Lecture 8: Bootstrap Inference

Feb 18, 2026

Announcements

  • Next HW will be assigned on Monday

Reading

Topics

  • Introduce bootstrap resampling as an alternative to parametric inference

  • Find range of plausible values for the slope using bootstrap confidence intervals

  • Conduct permutation tests on the slope

  • AE 04: Bootstrap CIs & Permutation Tests

Computational setup

# load packages
library(tidyverse)   # for data wrangling and visualization
library(tidymodels)  # for modeling
library(openintro)   # for Duke Forest dataset
library(scales)      # for pretty axis labels
library(glue)        # for constructing character strings
library(knitr)       # for neatly formatted tables
library(kableExtra)  # also for neatly formatted tablesf


# set default theme and larger font size for ggplot2
ggplot2::theme_set(ggplot2::theme_bw(base_size = 16))

The Bootstrap

The Core Problem of Statistical Inference

We’re stuck with one sample

  • In reality, we collect one sample from our population of interest
  • We compute an estimate (mean, proportion, regression coefficient, etc.)
  • But: How much would this estimate vary if we collected a different sample?

What we’d ideally do:

Collect many samples → compute estimate for each → examine the sampling distribution → quantify uncertainty

The problem: We can’t afford to collect many samples!
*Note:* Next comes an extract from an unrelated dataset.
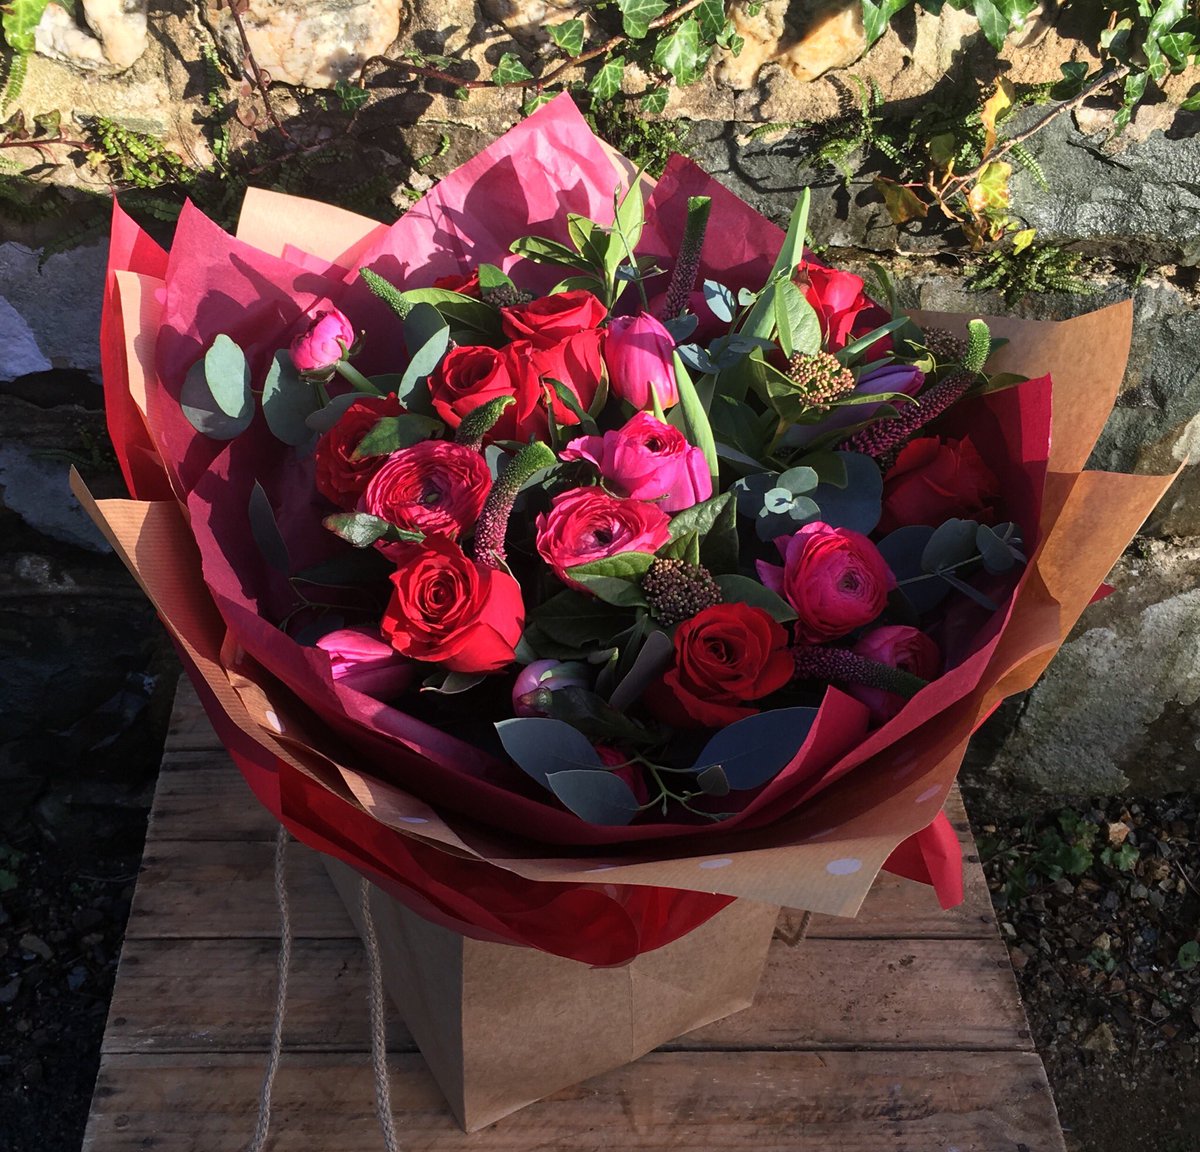 ❤️❤️ Valentines Day ❤️❤️
#vday #NewportPembs #ValentinesDay2018 #redflowers all foliage is British and also using some British flowers! Red roses from an ethnically sourced farm!! #NoPlastic #kraftpaper #Pembrokeshire #northpembs @newportpembs #supportlocal #florist

Review: The Sampling Distribution

If we could peer into parallel universes with different samples, we could:

  • See how much our estimate varies across samples
  • Calculate a standard error
  • Measure our uncertainty

But we can’t. We have one sample, one estimate, and one reality.

Two Approaches to the Impossible

How can we approximate a sampling distribution with only one sample?

  1. Resampling approach (the bootstrap)
    • Pretend the sample represents the population
    • Repeatedly resample from the sample itself
    • Use the variability across resamples to approximate sampling variability
  2. Mathematical approximations
    • Use probability theory (Central Limit Theorem, etc.)

Examples: - SE for a mean: \(\sigma/\sqrt{n}\) (from theory), SE for regression: \(\sqrt{\hat{\sigma}^2(\mathbf{X}'\mathbf{X})^{-1}}\) (from linear algebra) - Central Limit Theorem: means are approximately normal for large \(n\) - Maximum Likelihood: use observed information matrix for SEs

Today’s focus: The bootstrap (resampling approach)

The Bootstrap Idea

Big Idea: We can approximately simulate sampling variability by resampling from our sample

The Bootstrap Process:

  1. Take our original sample of size \(n\)
  2. Draw a resample of size \(n\) with replacement from the original sample
  3. Compute our statistic (mean, proportion, etc.) for this resample
  4. Repeat steps 2-3 thousands of times
  5. Examine the distribution of these resampled statistics

This distribution is called the bootstrap sampling distribution

It approximates the true sampling distribution we’d get from repeated samples of the population

Why Would This Work?

Uncertainty arises from randomness in our data-generating process

  • If we can approximately simulate this randomness
  • Then we can approximately quantify our uncertainty

The bootstrap assumption:

Our sample is representative enough of the population that resampling from it mimics the process of sampling from the population

In other words: Use the sample as a “stand-in” population

Visualizing the Bootstrap

Visualizing the Bootstrap

  • Each block represents one bootstrap sample (resample of our original data)
  • Each bootstrap sample is the same size as the original: \(n\)
  • Compute our statistic for each bootstrap sample
  • The variation across bootstrap samples estimates sampling variability

Two Critical Properties

For the bootstrap to work, we must follow two rules:

Rule 1: Same size

Each bootstrap sample must be size \(n\) (same as original sample)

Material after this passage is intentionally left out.